The deadline for entries is December 30, 2010, so submit your recipes today! To learn more about the contest, and the rules and regulations, check out this link: http://www.recipesforkidschallenge.com/

Bread for the World Releases Report on World Hunger

Bread for the World released a report last week focusing on global hunger and malnutrition. Our Common Interest: Ending Hunger and Malnutrition looks at the world response to the dramatic surge in world hunger following the spike in food prices in 2007-2008. The report takes a look at how the United States has responded to the global food crisis and how it is driving international action.
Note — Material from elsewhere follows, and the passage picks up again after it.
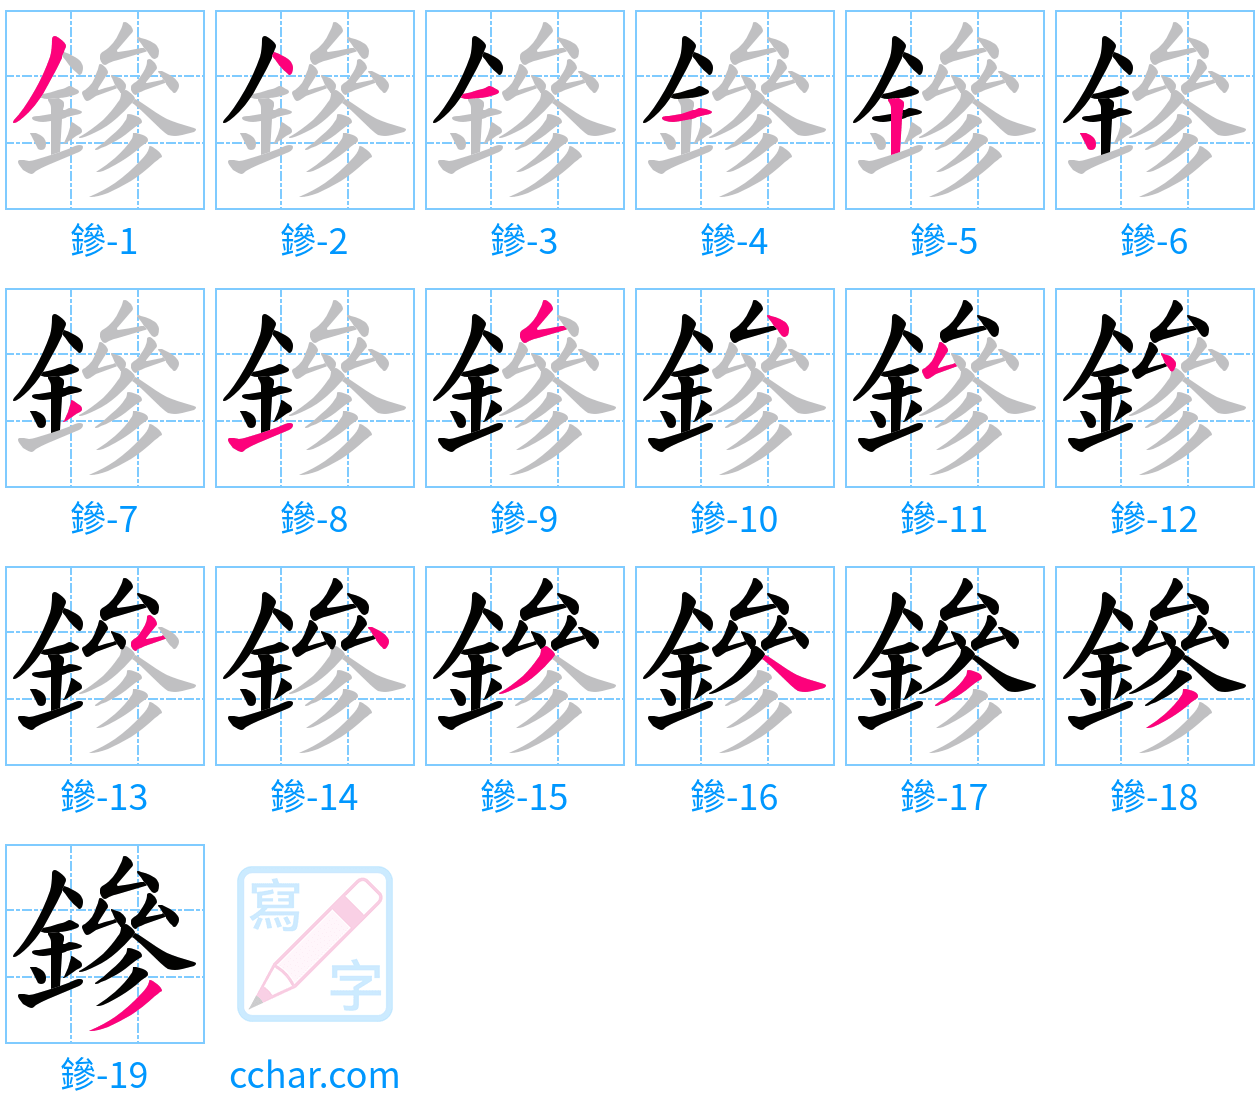 鏒 stroke order step-by-step diagram

The report also offers recommendations on how the United States can continue to be a leader in the fight against global hunger.

To read the complete copy of the report, please visit the link below.
Our Common Interest: Ending Hunger and Malnutrition

Study Finds School Lunch Programs Might Break Cycle of Poverty

A new study published in the journal Pediatrics has found that school meal programs aimed at reducing food insecurity can help break the cycle of poverty. According to researchers, food insecurity undercuts academic achievement by depriving the body of necessary nutrients. It also creates an atmosphere of stress and uncertainty that causes the student to lose interest in school. The study researchers surveyed students at Quebec, Canada high schools. They found that of the students who were from food insecure households, those that had access to school meals performed better academically than students who did not have access to school meals.